Внизу еще озеро его... поддержало. Вот. Умней. Ошибся ньера эс Фретка, что про парковый домик говорил. Раивелетт и обрадовался. Так, что озеро подвело тоже. Там еще свет был. Непонятный. Как лунная дорожка по волнам. Коленка саднит, ноги заплетаются, шаг да шаг - вроде трава еще... А там вода. И дно скользкое. Как рухнул...
А вода - теплая, как на детское омовение подогрели. Чистая. Вылез. Покричал еще. "Таль, брось пугаться, иди купаться!" - отклика не услышал. Ну - сапоги скинул и теперь уже хорошо заплыл. Жалко, мелкое...
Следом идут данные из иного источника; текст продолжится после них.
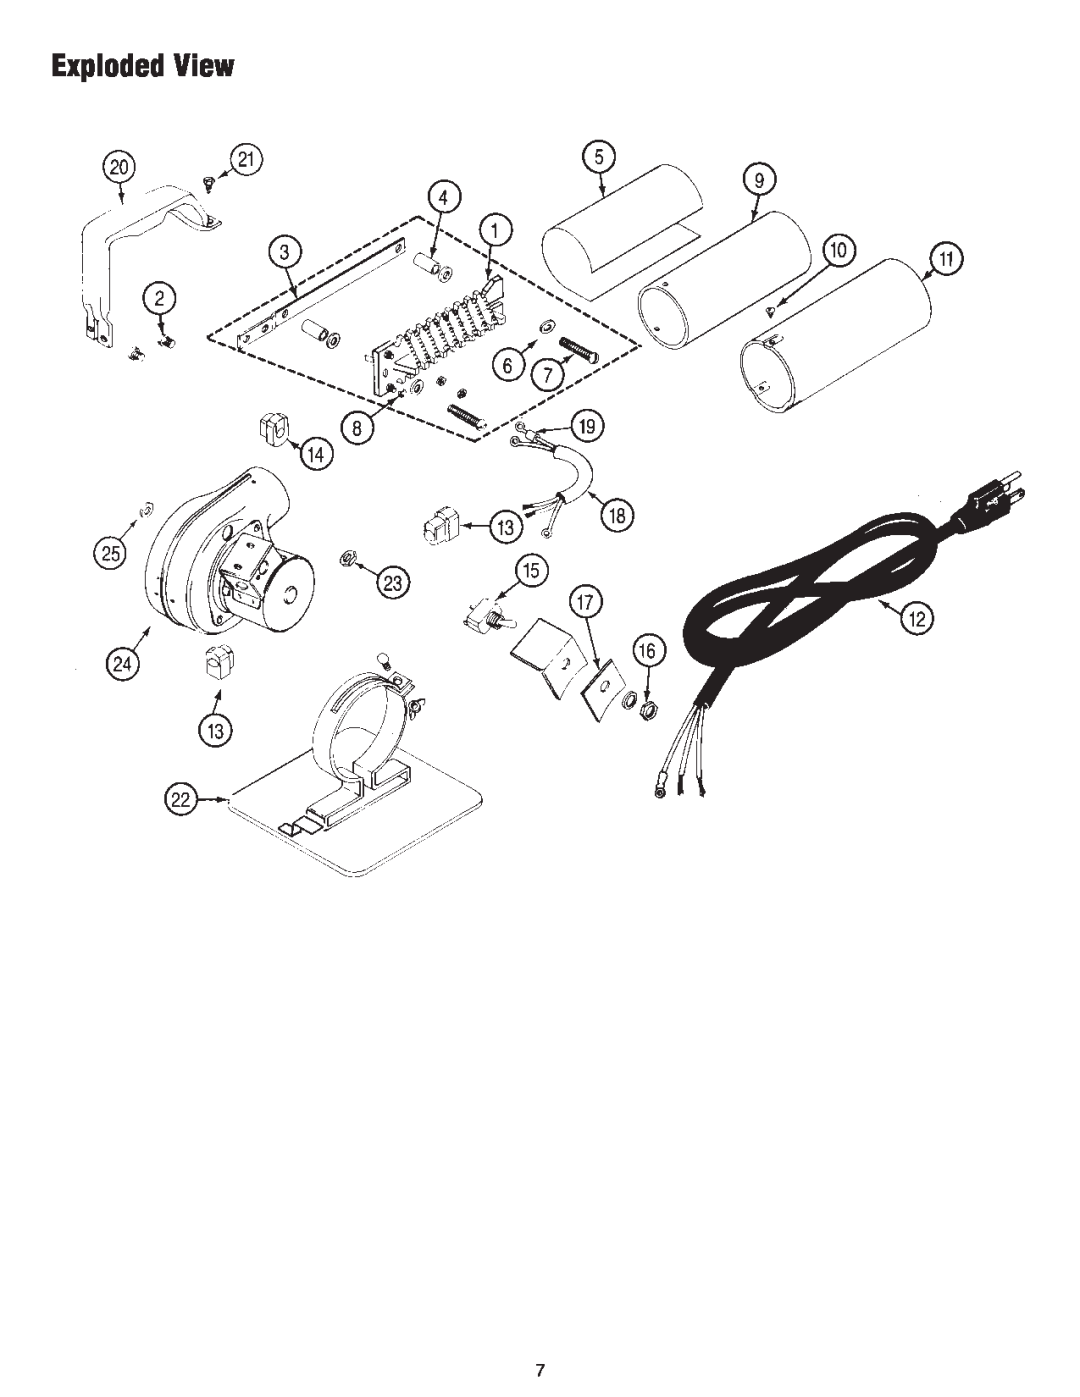 Master Appliance Heat Blower instruction manual Exploded View 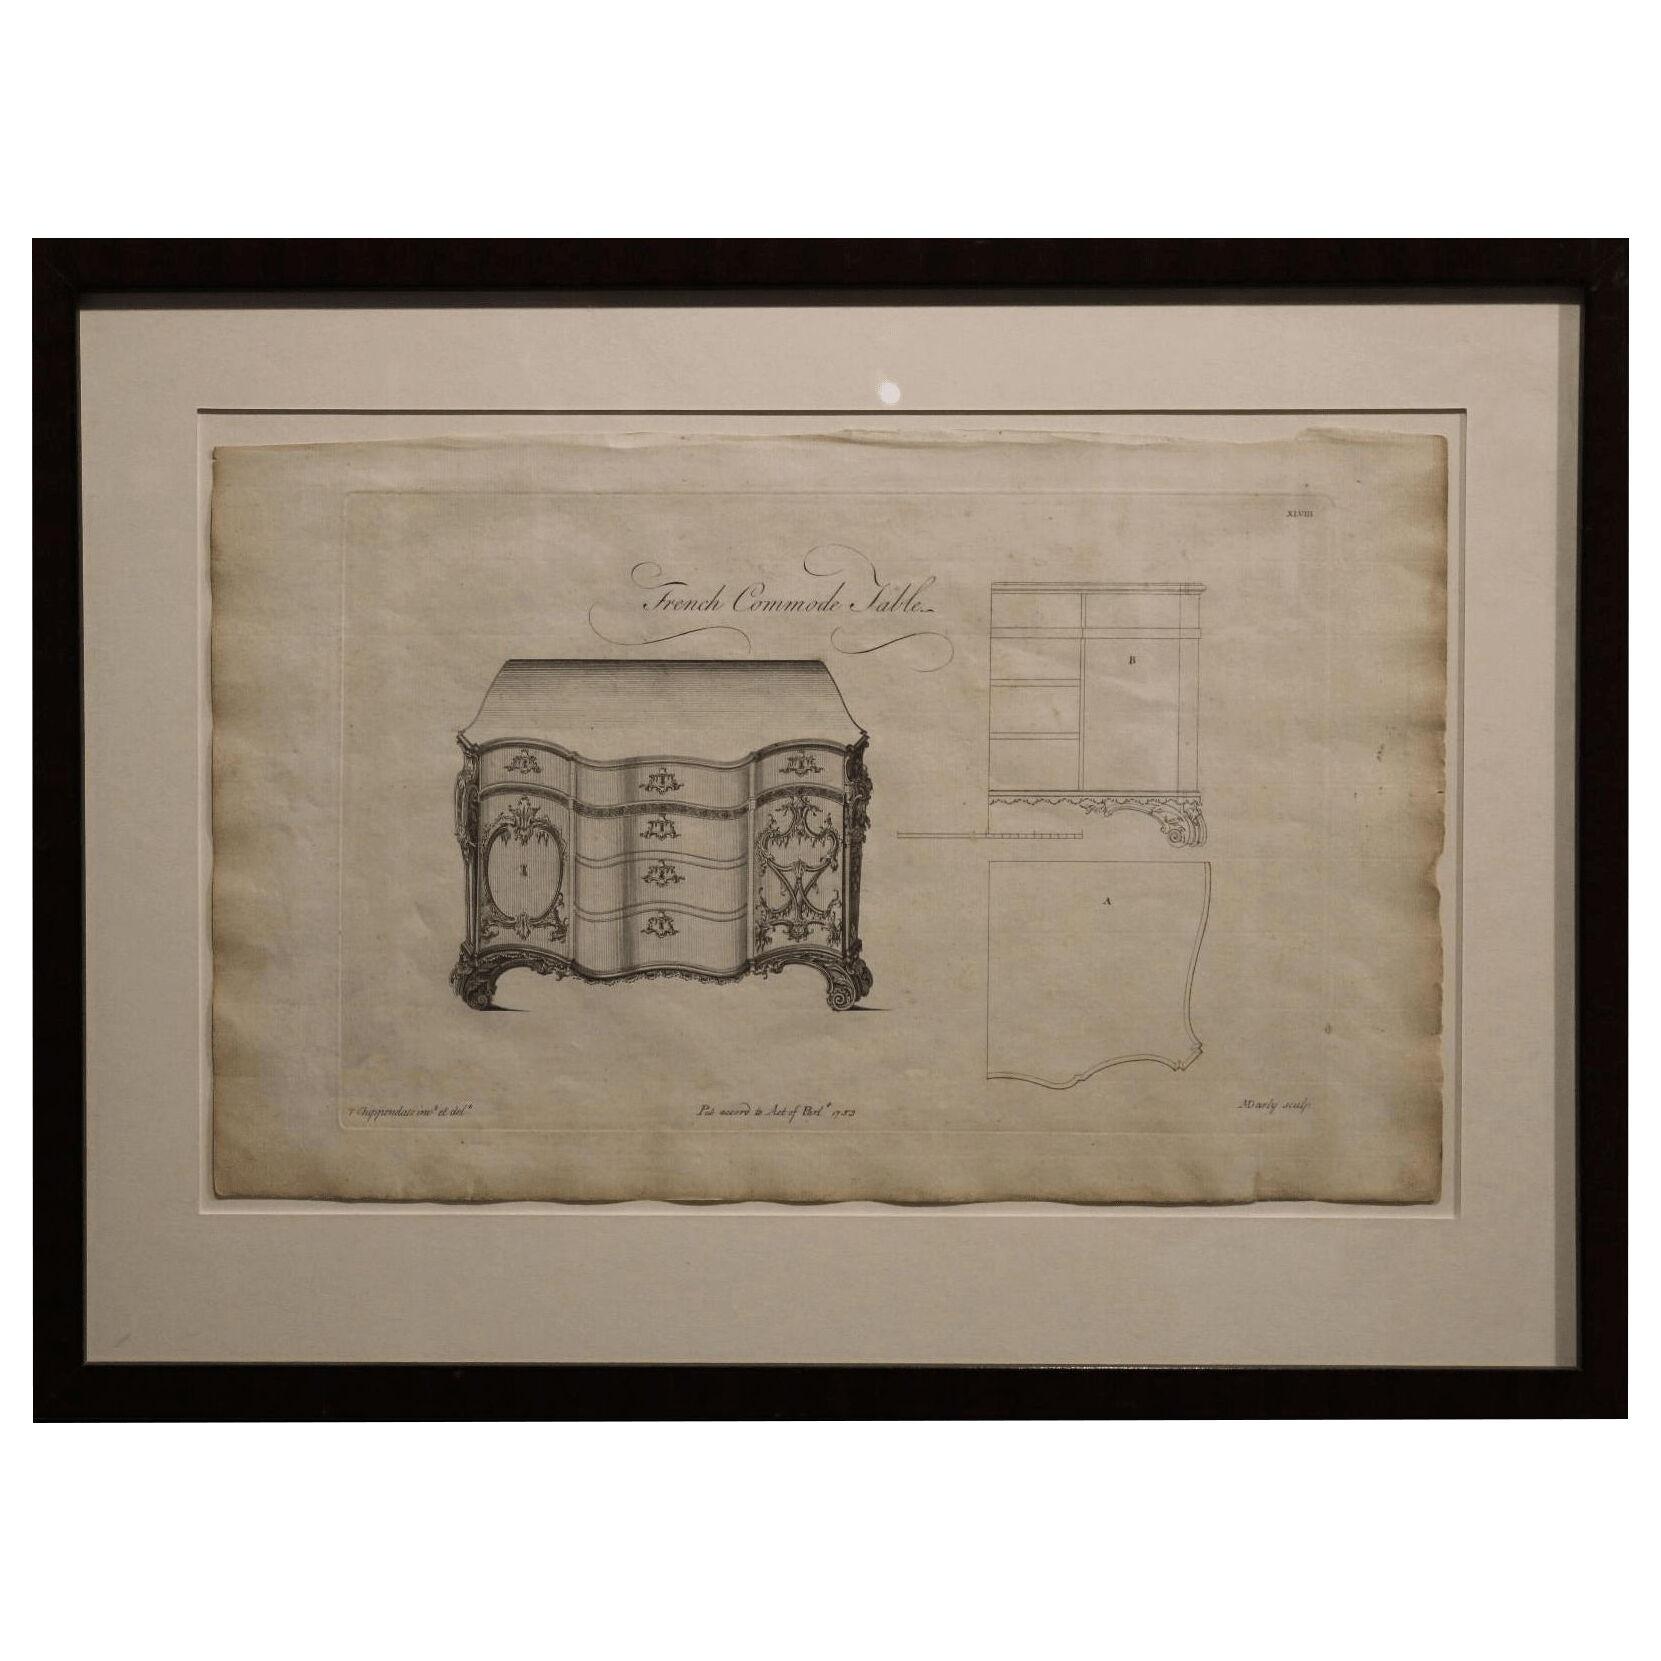 Mid 18 C. French Commode Table Etching "The Gentleman Cabinet-Maker's Director"

И все это... вспоминать, вспоминать...
Потом. С утра.
Когда в малый рассветный круг, раньше личного внутреннего с ощутимым чужим вызовом, разбужен был отцовским командным голосом: "Что ты наделал вчера, что один ответственности не унесешь?" Когда шел с больной головой к представительству Службы наблюдения общества Присутственного холма города Мьенже. Когда смотрел, считал кирпичи колонн зала - стык к стыку, чтоб не совсем слышать слова. Чтоб нет, не смотреть на его... родителей. "Таален умер? Совсем? Как это... как... совсем?" Когда пытался говорить, слова были такие... жалкие. Что прямо бы здесь и провалиться. Чтоб не пытаться смотреть на экран, и - да, полагалось – где напрямую с его личного внутреннего запрашивали. Больно было... И когда над головой заговорили, заспорили громкими голосами - отец вместе с самим ньера Роншерном эс Тийе, старшим Мьенже над службами Оценки недолжного и воздействия – с двоими чужими. Этими… лехтев. «Я тоже не считаю целесообразным обследовать мальчика... в таком состоянии», - поддерживал отца его Старший, и сдержанно отвечал ему старший из чужих: "Завтра может быть поздно, ньера Роншерн". - "Но его Семье оставлено право выбора". - "Вы все поддерживаете это решение?" - под конец спрашивает лехта и долго, долго смотрит на ньера Роншерна эс Тийе - чтоб после долгой паузы уронить с руки: "Вы отвечаете за этот город".
...А голова все болела...
Но одного Раивелетт эс Шторценок так и не вспомнил. Ни тогда. Ни когда стало поздно - не завтра, но скоро, к летнему солнцестоянию... когда случилось, накатывало внезапно, из всех ощущений тела оставляя только боль - от звука, перемены света, прикосновения. День ото дня чаще. Его быстро оттранспортировали в восстановительный с уровнем защищенности. К лехтев. И вывод о загадочном заболевании... и приговор был оглашен быстро: множественное поражение Изнанки. Про "искупался" он что, только тогда и озвучивал? Нет, сделать уже фактически ничего нельзя.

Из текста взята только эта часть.